Il s'en suit que, comme le fait valoir la société ELECTRICITE DE STRASBOURG, la mise en inactivité ne peut être prononcée avant l'écoulement d'une période de prévenance de trois mois pendant lequel le salarié doit prendre tous ses congés.
Passé ce délai, il y a néanmoins lieu de faire droit à la demande d'astreinte présentée par le salarié appelant dès lors que la société ELECTRICITE DE STRASBOURG a jusqu'à présent résisté à la demande de M. Chrétien X... alors que ce salarié satisfaisait aux conditions requises.
Sur la demande de dommages et intérêts
M. Chrétien X... subit un préjudice dès lors qu'il ne jouira de sa mise en inactivité qu'avec le retard dû à la résistance de la société ELECTRICITE DE STRASBOURG.
Il est fondé à obtenir l'indemnisation pour le montant qu'il a exactement apprécié.
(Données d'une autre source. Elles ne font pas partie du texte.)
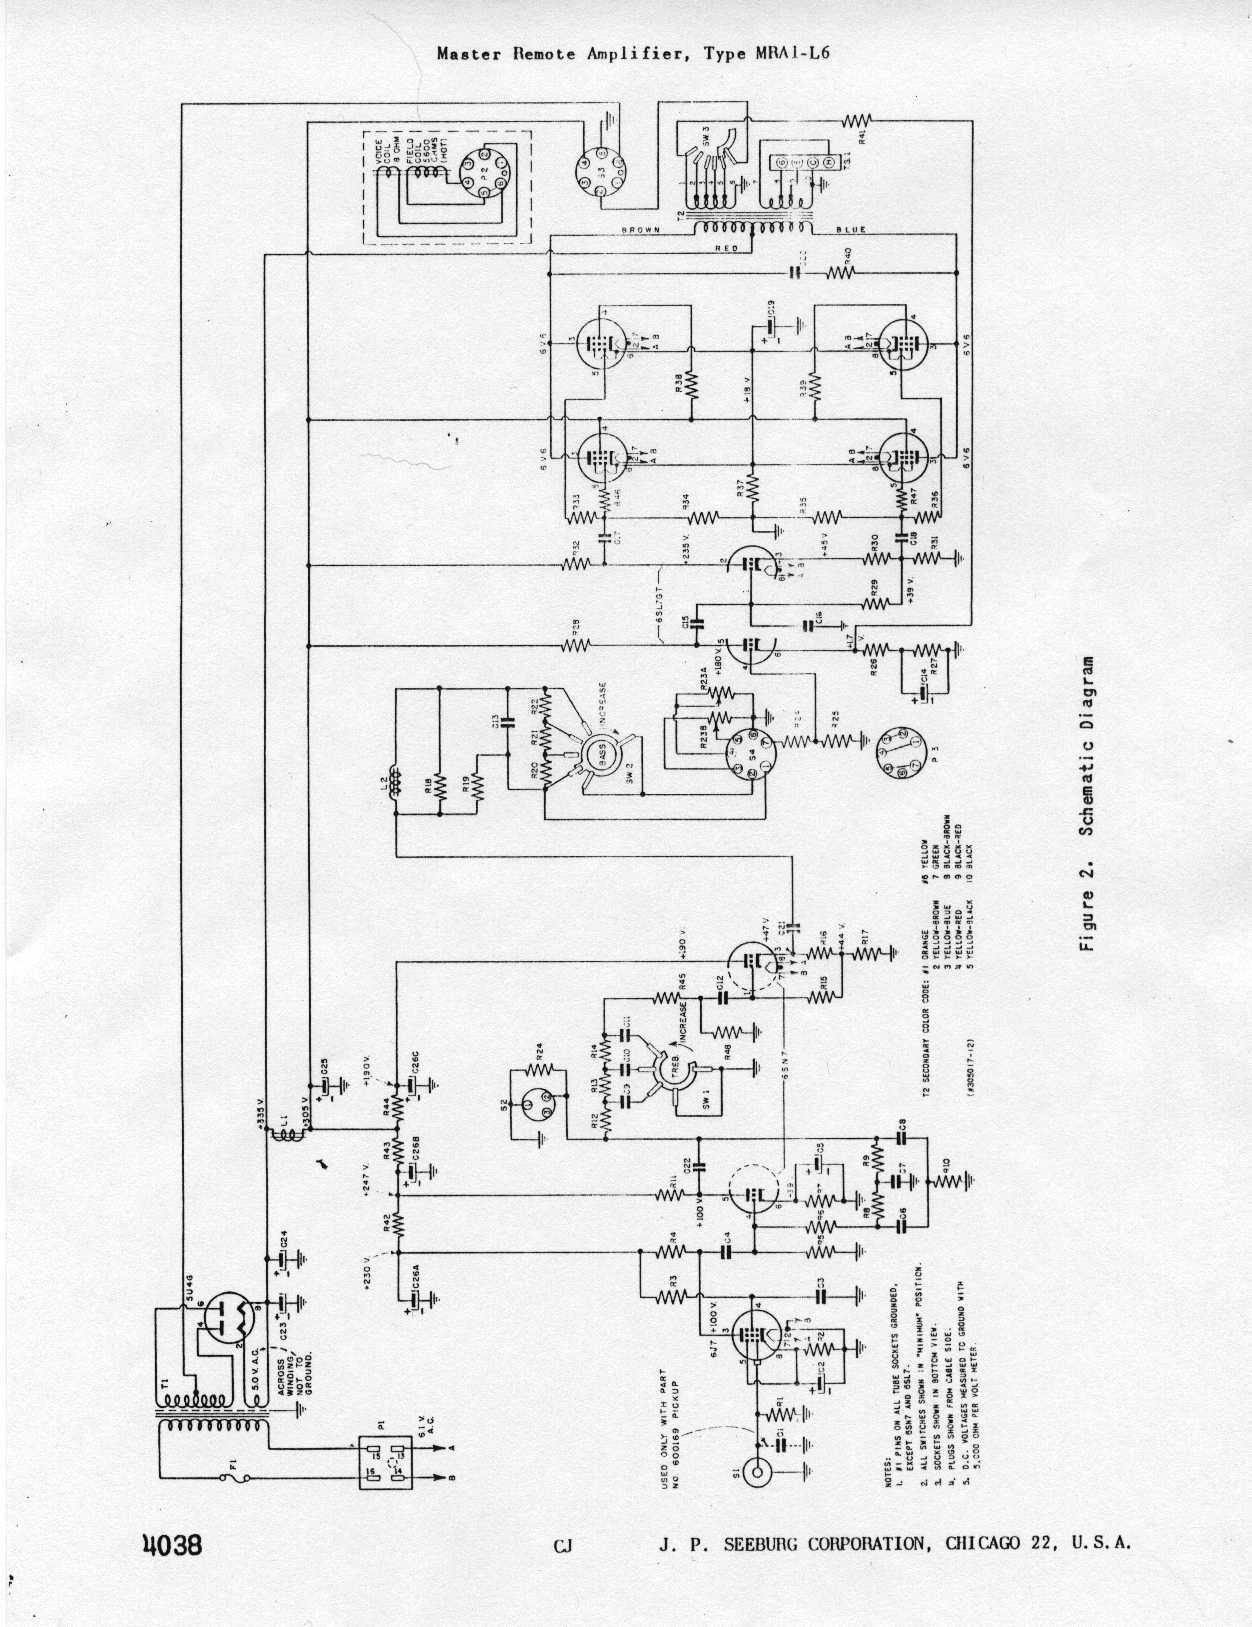 Remote Vol Wiring

Sur les dispositions accessoires
En application de l'article 700 du code de procédure civile, il est équitable que l'employeur contribue aux frais irrépétibles qu'il a contraint le salarié à exposer tant en première instance qu'à hauteur de d'appel.
En application de l'article 696 du même code, il échet de mettre les dépens à la charge de l'employeur qui succombe.
PAR CES MOTIFS
La Cour, statuant par mise à disposition au greffe, par arrêt contradictoire et en dernier ressort, après en avoir délibéré conformément à la loi,
Déclare recevables l'appel principal et l'appel incident ;
Infirme le jugement entrepris ;
Dit que la société ELECTRICITE DE STRASBOURG doit prononcer la mise en inactivité de M. Chrétien X..., au bénéfice des dispositions de l'article 3 de l'annexe 3 au statut du personnel des industries électriques et gazières, au terme du délai de prévenance de trois mois à compter de la notification du présent arrêt pendant lequel le salarié doit prendre tous ses congés, et ce sous astreinte de 10 € (dix euros) par jours de retard ;
Condamne la société ELECTRICITE DE STRASBOURG à verser à Monsieur Chrétien X... les sommes de :
-2. 400 € (deux mille quatre cents euros) à titre de dommages et intérêts,-2. 000 € (deux mille euros) en application de l'article 700 du code de procédure civile ;
Condamne la société ELECTRICITE DE STRASBOURG à supporter les entiers dépens de première instance et d'appel ;
Déclare le présent arrêt commun et opposable à la Caisse nationale des industries électriques et gazières.
Et le présent arrêt a été signé par M. Jérôme DIE, conseiller faisant fonction de président, et Melle Catherine OBERZUSSER, greffier ad hoc.